# Questions about cap and ball revolvers



## olchevy (Dec 11, 2009)

Ok I recently got into blackpowder. Today was the first time I have got a chance to shoot my CVA 1858 navy .31 and man was that thing a blast! I think I might have just been bitten by that bug. but this bug causes me to ask three questions.

1)How in depth do I have to do on the cleaning? As of now I completly dissassymble it springs trigger everything clean it in the hot soapy water, then put it in the oven for 15mins relube while still hot then lube as i put back together. Is this nessesary each time? How much cleaning is trully needed or is it this in depth?
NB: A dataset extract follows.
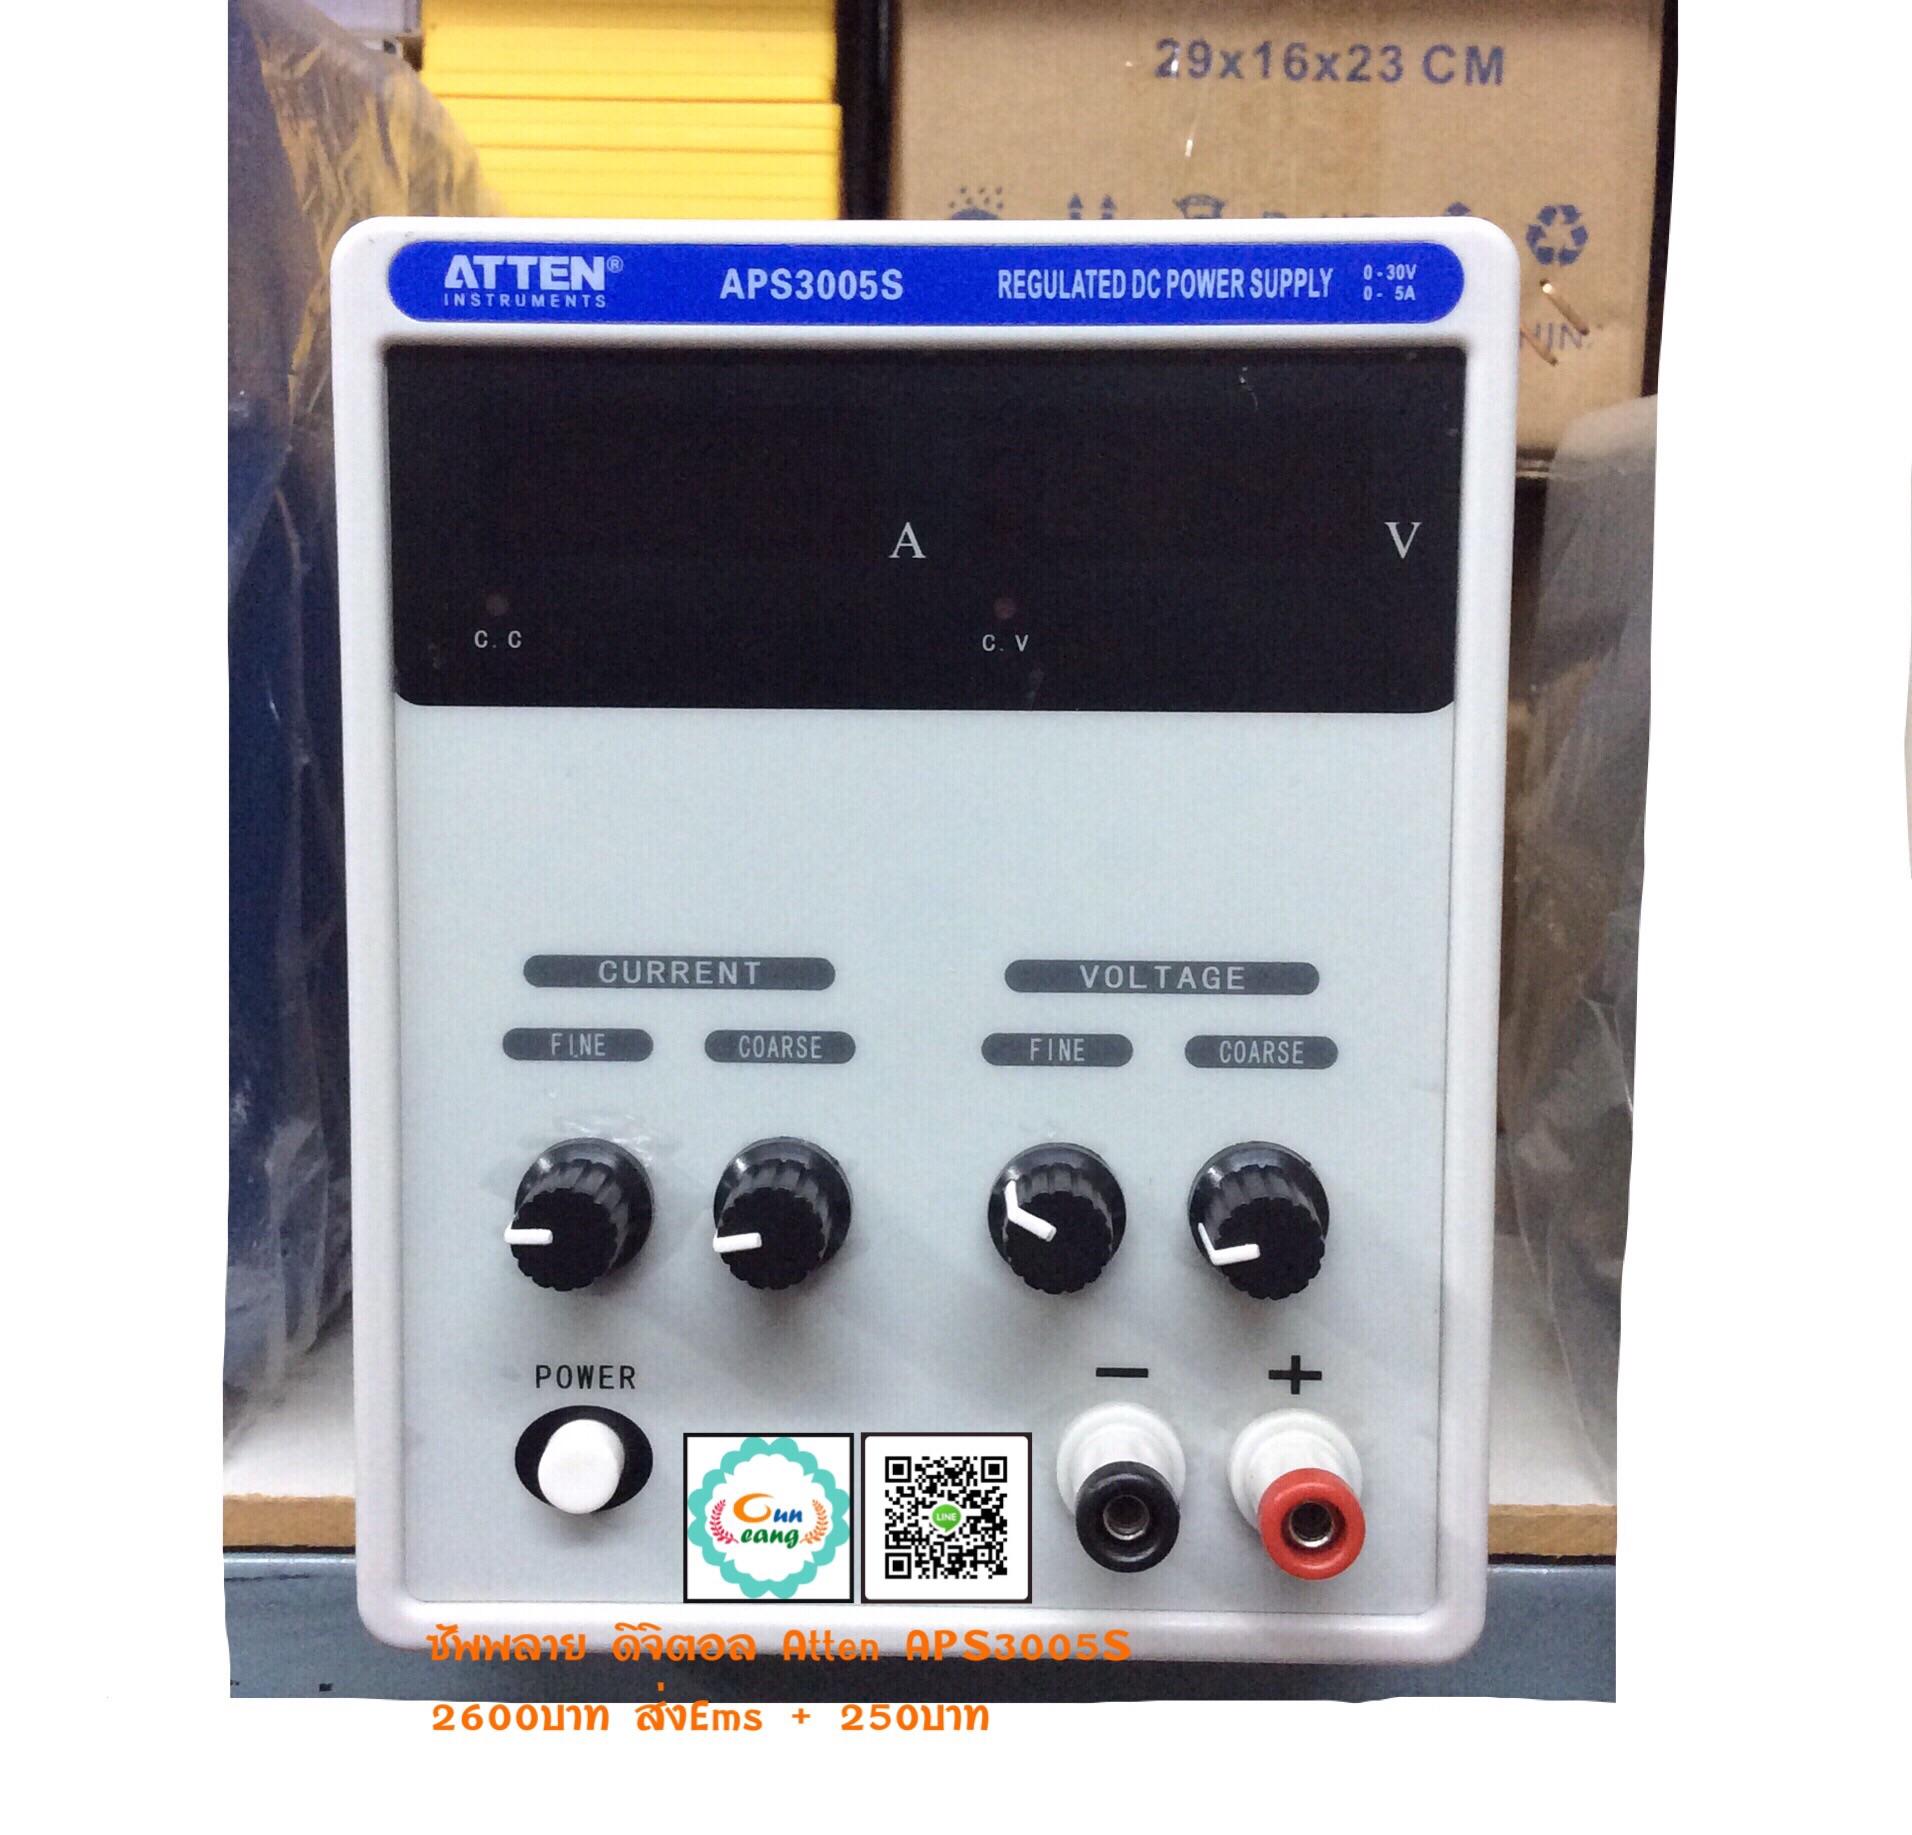 Suppy ซัพพลาย ดิจิตอล ATTEN APS3005S

I want to keep them forever so if that in depth is needed it is no problem by me they are so fun to shoot!

2) I would like to get one to use for hunting deer at VERY close ranges, and from what i understand i need a .44.
I have been looking into the Uberti New army .44 it said you can load up 60g of powder! So is uberti a really good brand, price is within reason?
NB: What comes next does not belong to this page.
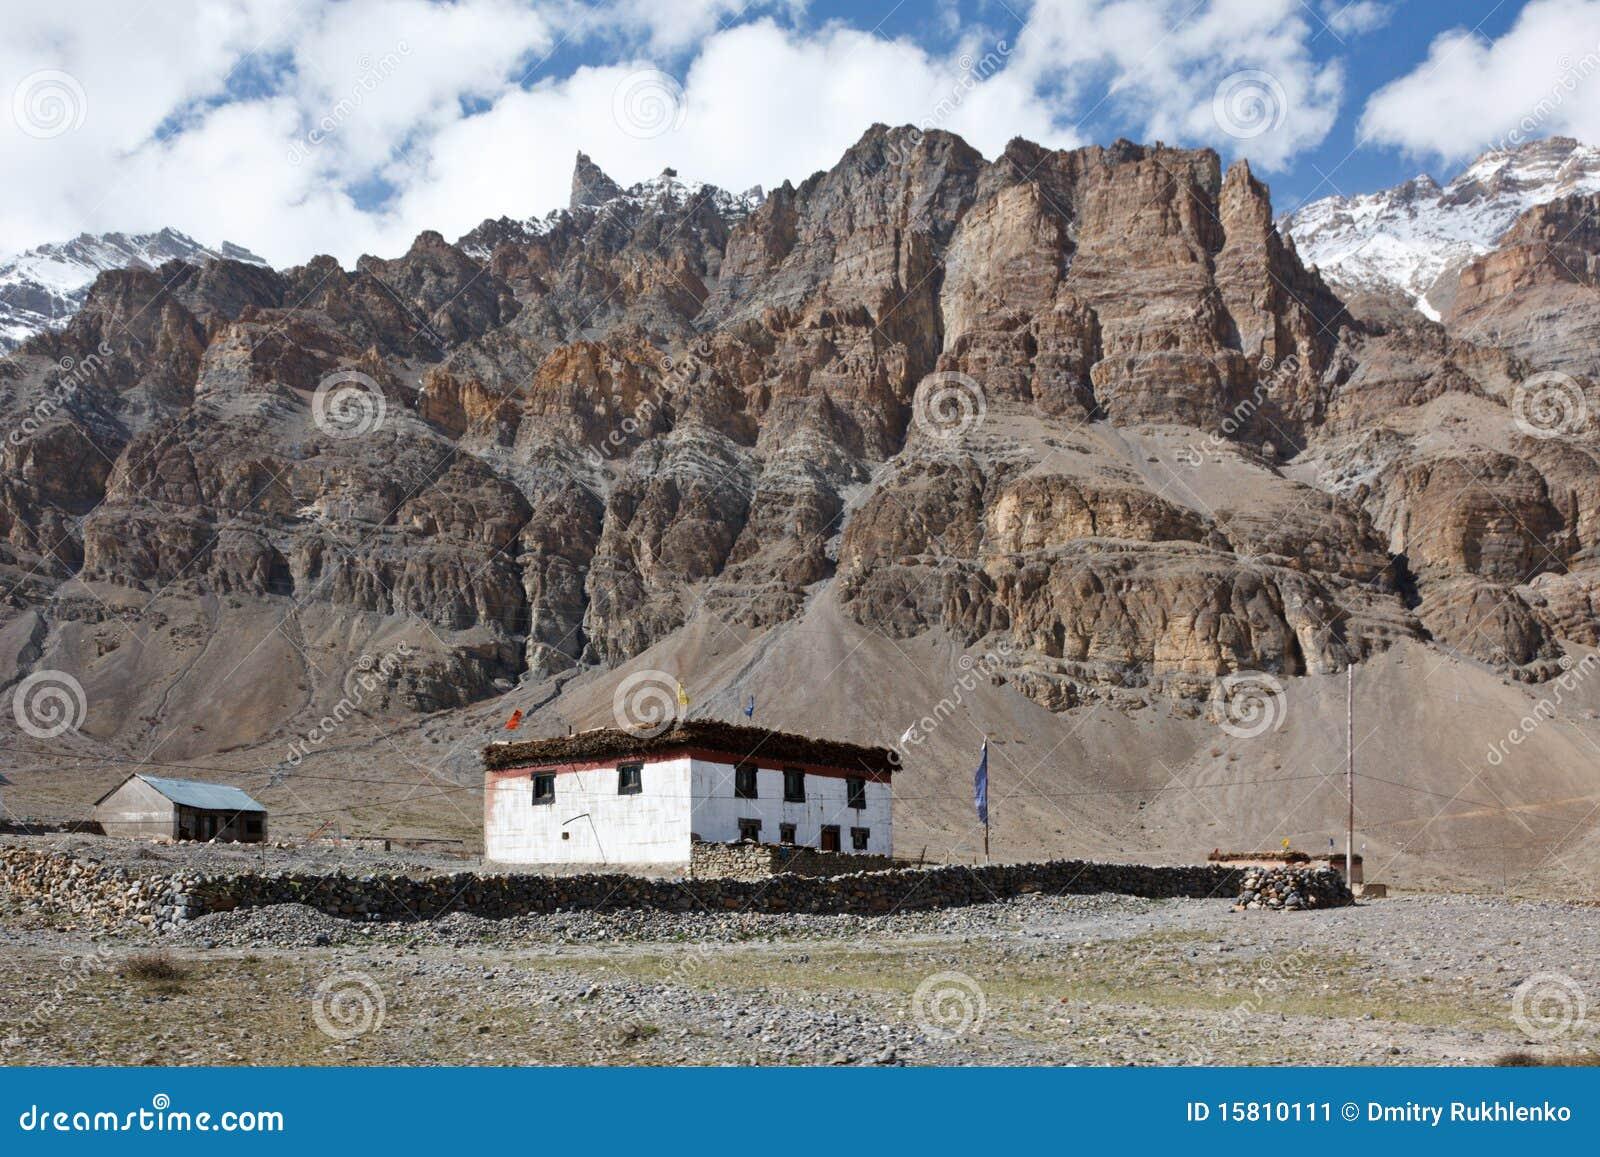 House In Himalaya Mountains Stock Image Image 15810111

3) after looking at the manual online for my revolver it said for target load 7g and max at 14g
I loaded 7g but it left to much space and I could hear the "double fire". so affter looking online I saw that one can use cornmeal as a filler, so I did. With 7g of pyrodex fffg and 4g of cornmeal and hornadys balls out at twenty-five yards I could easily hit coke cans( I had them in a row and shot all of them down and didnt miss a one!), and at 50 yards I could consistintley hit a milk jug. I have always heard people say that past 20 yards or so accuracy is a term not to be used with cap and ball revolvers, but today MY FIRST TIME EVER SHOOTING BLACKPOWDER it always hit exaclty where i aimed(albeit the hammer as a rear sight is very crude, but it obviously works). So was I just lucky with my used revolver or are these "People" wrong, or am I just that good?


----------



## redneckcamo (Dec 11, 2009)

sounds like you had a blast man !! 

and yes it needs to be cleaned everytime real good if your using pyrodex because the fouling literally draws humidity in an corrosion will start quickly and cause damage if not properly cleaned as soon as possible ...

uberti makes a good pistol but if you could get you paws on a ruger old army you would have probably the best cap-n-ball ever made IMO.!!


----------



## fishdog (Dec 11, 2009)

1) Take it apart and clean it every time.

2) Uburti makes a good pistol. .44 is legal to hunt with, good luck.

3) That pistol is shooting about as good as you are going to get with the sites you have. I have had bad luck with pyrodex gumming up in my revolver, Goex fffg works better for me.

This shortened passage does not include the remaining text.